Second book continues Latvian deportee’s story in Soviet army

Ilmārs Šalts is a survivor of Siberia and of a battalion of young men assigned to work in Soviet labor camps. He told part of his story in the book, A Stolen Childhood: Five Winters in Siberia, and now, in ‘Careerists’: Quarry Duty in the Soviet Army, which was released in November.

Both books previously appeared in Latvian. The first, Nolaupītā bērnība, was published in Rīga in 2001, followed by Karjeristi in 2004.

Šalts’s story begins in 1941, when his family was deported to Siberia.
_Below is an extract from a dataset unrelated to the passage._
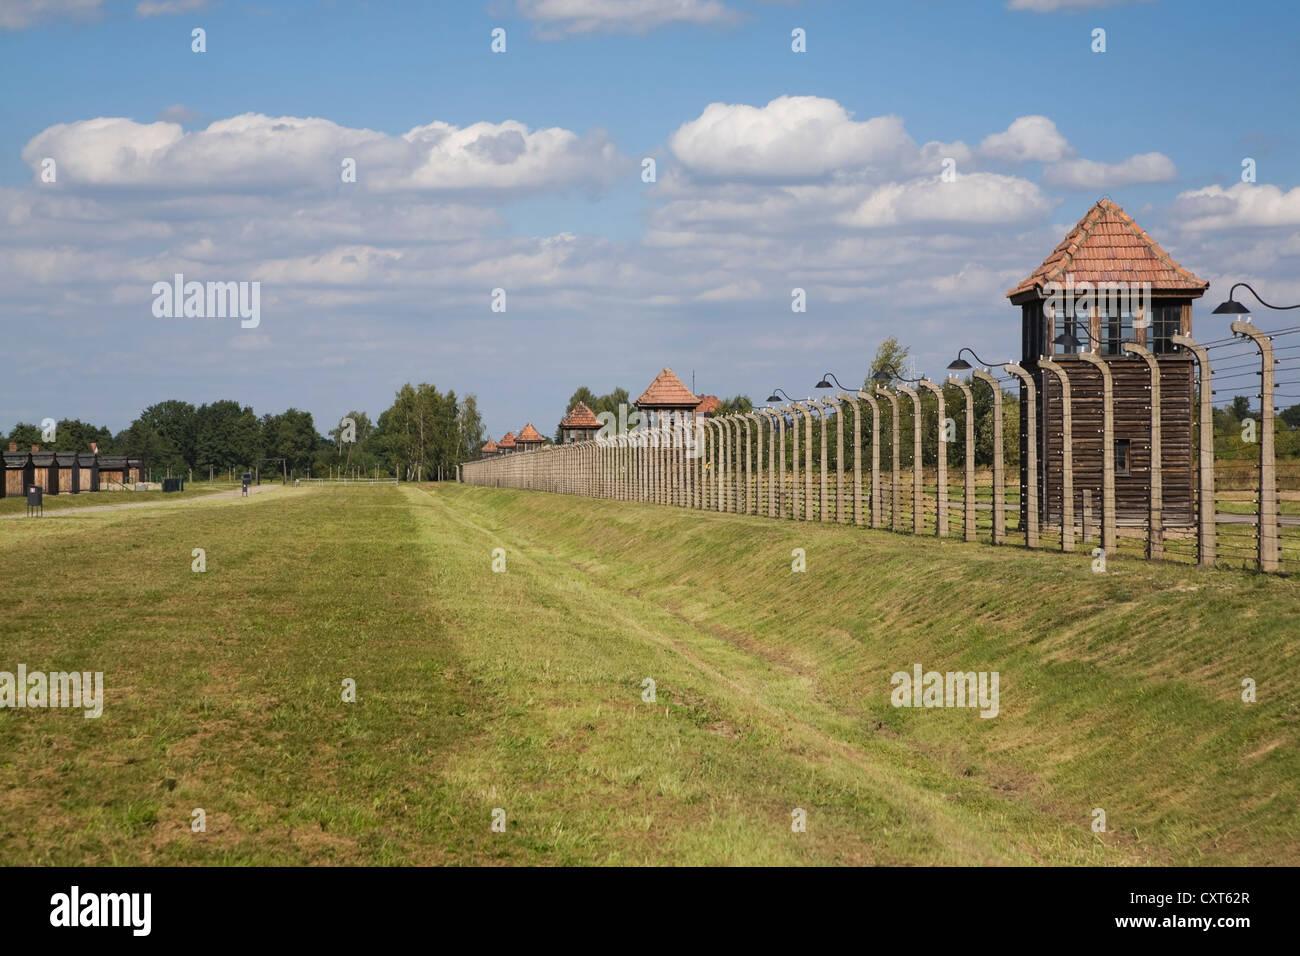 Barb wire electric fence surrounding the Auschwitz II-Birkenau former Nazi Concentration Camp, Auschwitz-Birkenau, - Stock Image

His parents and a grandmother died there. Šalts and his brother and sister returned to occupied Latvia in 1946. Taken in by his motherš cousins, Šalts had only five and half years to finish his studies. When he turned 21, he was drafted into the Soviet army and assigned to a battalion of “stepchildren” to work in the rock quarries of Russia’s Rostov province.

Šalts, now a retired electrical engineer, regained ownership of his family’s home in 1996, according to the self-publishing company AuthorHouse.

A brief review of the Latvian version of the book was published in 2004 by the daily newspaper Latvijas Vēstnesis.

‘Careerists’ was translated by Gunna Dickson, a New York-based writer and editor. She also translated A Stolen Childhood and Lilija Zariņa’s The Red Fog: A Memoir of Life in the Soviet Union, published in 2006.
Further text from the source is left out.